Cyclica, a company specializing in data-driven drug discovery, has determined that the lung-cancer drug capmatinib shows evidence of attenuating the impact of coronavirus. The firm made the discovery via collaboration with Ryerson, the Vector Institute, and other Canadian institutions; funding came through COVID-19 grants from the Canadian Institute for Advanced Research (CIFAR) and Natural Sciences and Engineering Research Council of Canada (NSERC) Alliance COVID-19 grants, with funding support from FedDev Ontario.
Capmatinib is an FDA-approved MET inhibitor, marketed by Novartis under the name Tabrecta; the treatment is used in clinical applications to treat patients with non-small-cell lung cancer. According to the researchers, testing capmatinib in a collection of experiments evaluating viral infectivity, entry and mechanism showed promising results.
“By targeting human proteins necessary for the coronavirus lifecycle, we are developing therapeutic strategies applicable to future strains or variants,” said Bo Wang of the Vector Institute. “Unlike high throughput screens, accurate AI predictions aimed at specific human-based, antiviral targets provided us with a risk-adjusted strategy to search for drug-repurposing opportunities using scientifically accurate experiments with high biological relevance.”

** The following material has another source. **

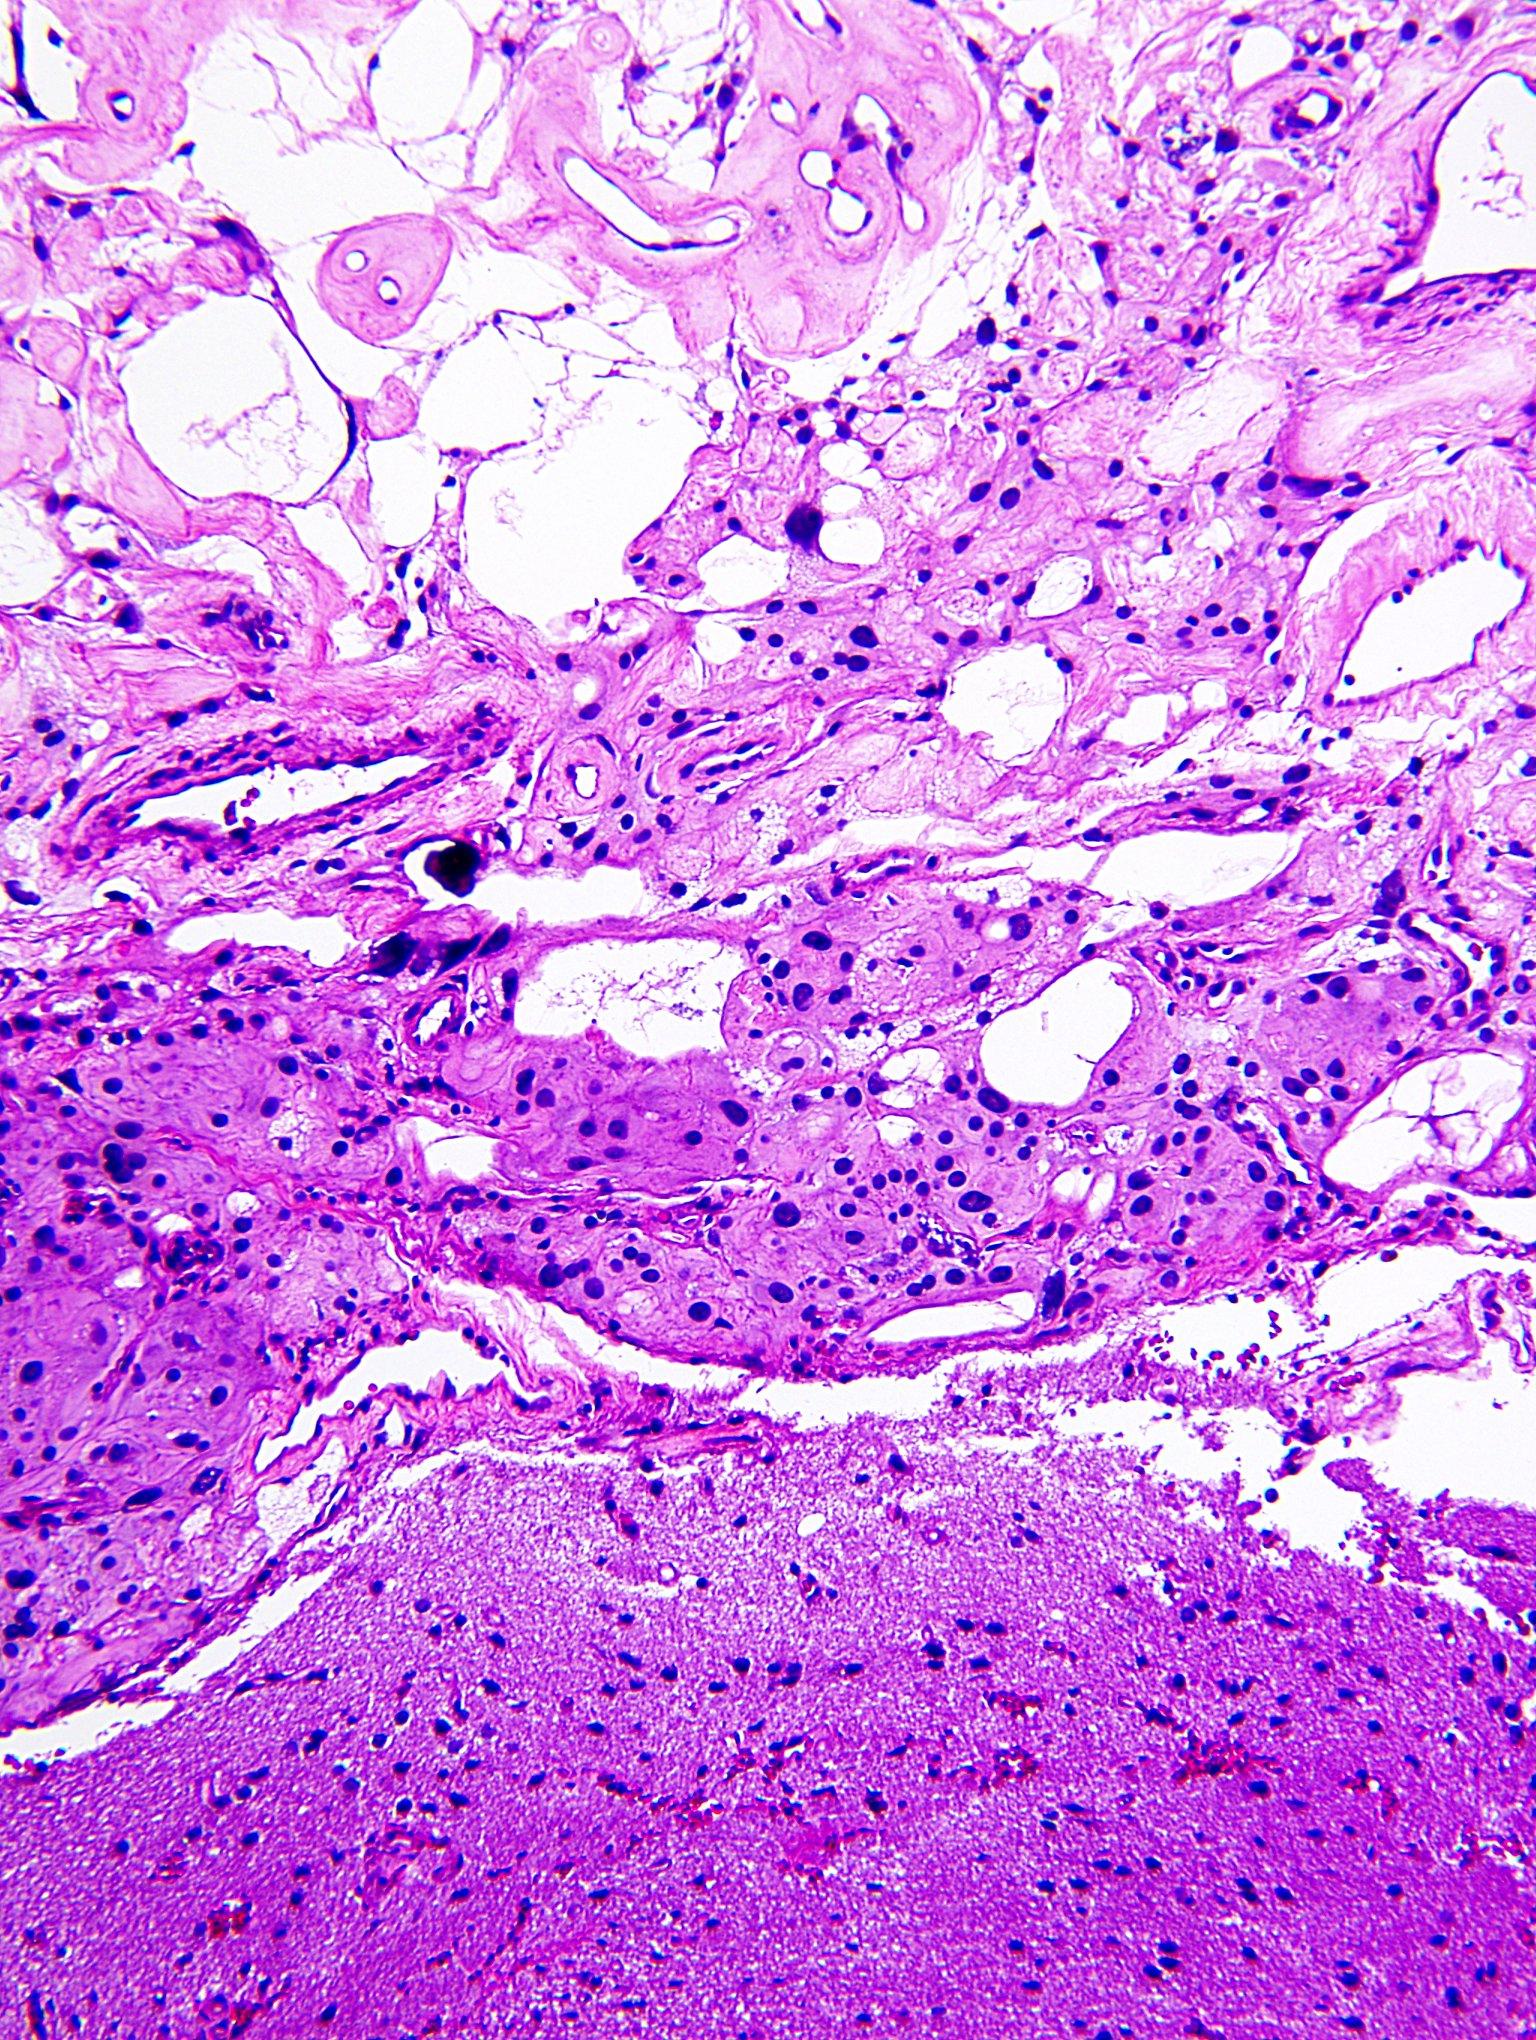 Microcystic meningioma with adherent brain parenchymal tissue
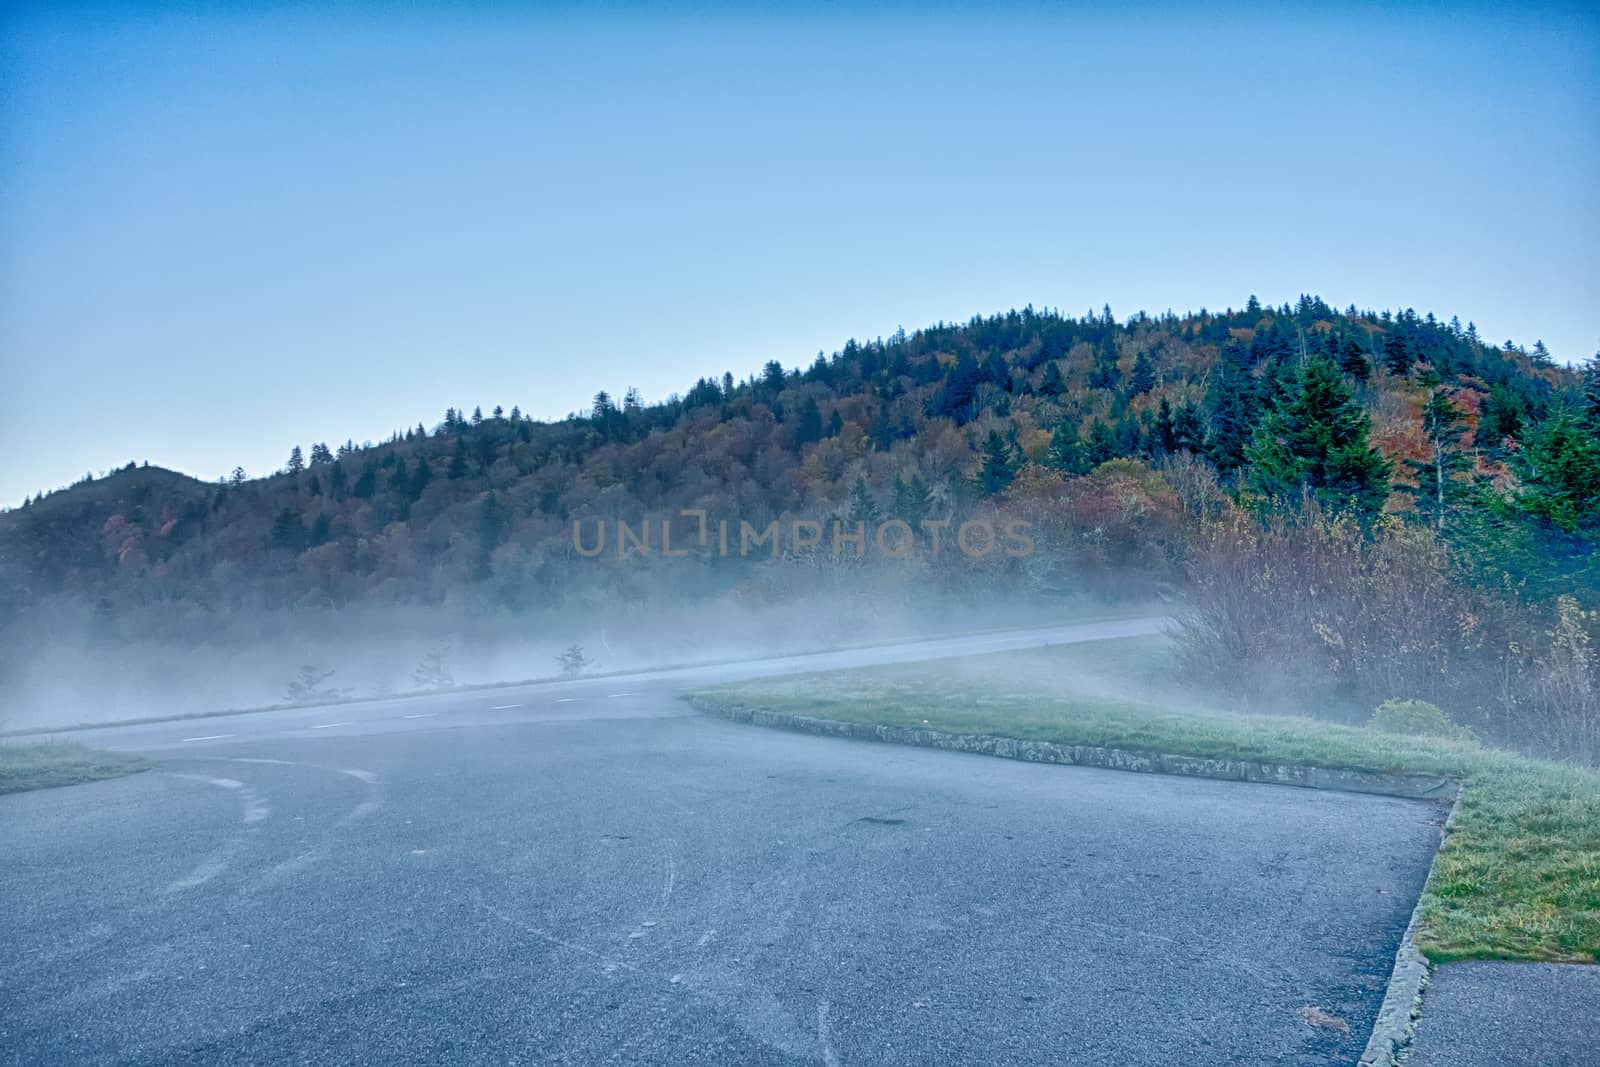 Scenic Blue Ridge Parkway Appalachians Smoky Mountains autumn Landscape

In Canada, infection rates recently surpassed the 1m mark, with deaths are at more than 23,000 and counting. With the world reaching 132m infections and nearly 3m deaths, life-sciences professionals are keen to discover new potential interventions.
Each of the research institutions contributed a different resource to further the discovery. The Vector Institute team’s graph convolutional network (GCN) identified possible human targets relevant to COVID-19, which fed into Cyclica’s PolypharmDB database for finding repurposing opportunities, which were generated using Cyclica’s deep learning approach MatchMaker. Multiple candidate treatments were identified with the technology, with capmatinib showcasing prominent activity.
Costin Antonescu, from the Department of Chemistry and Biology at Ryerson University, said capmatinib’s activity was independent of its known target MET, with evidence pointing towards its inhibition of the IRAK1/IRAK4 pathways.
“COVID has highlighted how important repurposing discoveries are to the future of medicine,” said Antonescu. “These drugs move to clinical trials and through regulatory approval quickly and can therefore reach patients faster; we’ve found a drug that has demonstrated robust antiviral activity in our model systems and we look forward to getting this data in the hands of pharma."
Antonescu added, “There is still much to learn about the etiology of COVID-19, and unraveling the dichotomy of the IRAK pathway as both protective against infections but also critical for viral proliferation may be an important piece to combating this terrible disease.”
This research is a part of the Cyclica COVID Stimulus Program. Launched in March 2020, the project involved engaging in a multi-institution collaboration to use a full-stack AI approach to identify a non-obvious repurposing candidate for COVID-19.
“Our goal with the COVID Stimulus Plan was to make a measurable impact on patient lives today through proposing new therapeutic candidates, as well as advance our understanding of COVID-19 and other related diseases,” said Cyclica CEO Naheed Kurji. “This is important as in addition to COVID-19, two additional coronaviruses were responsible for deadly outbreaks in the past 20 years that had pandemic potential.”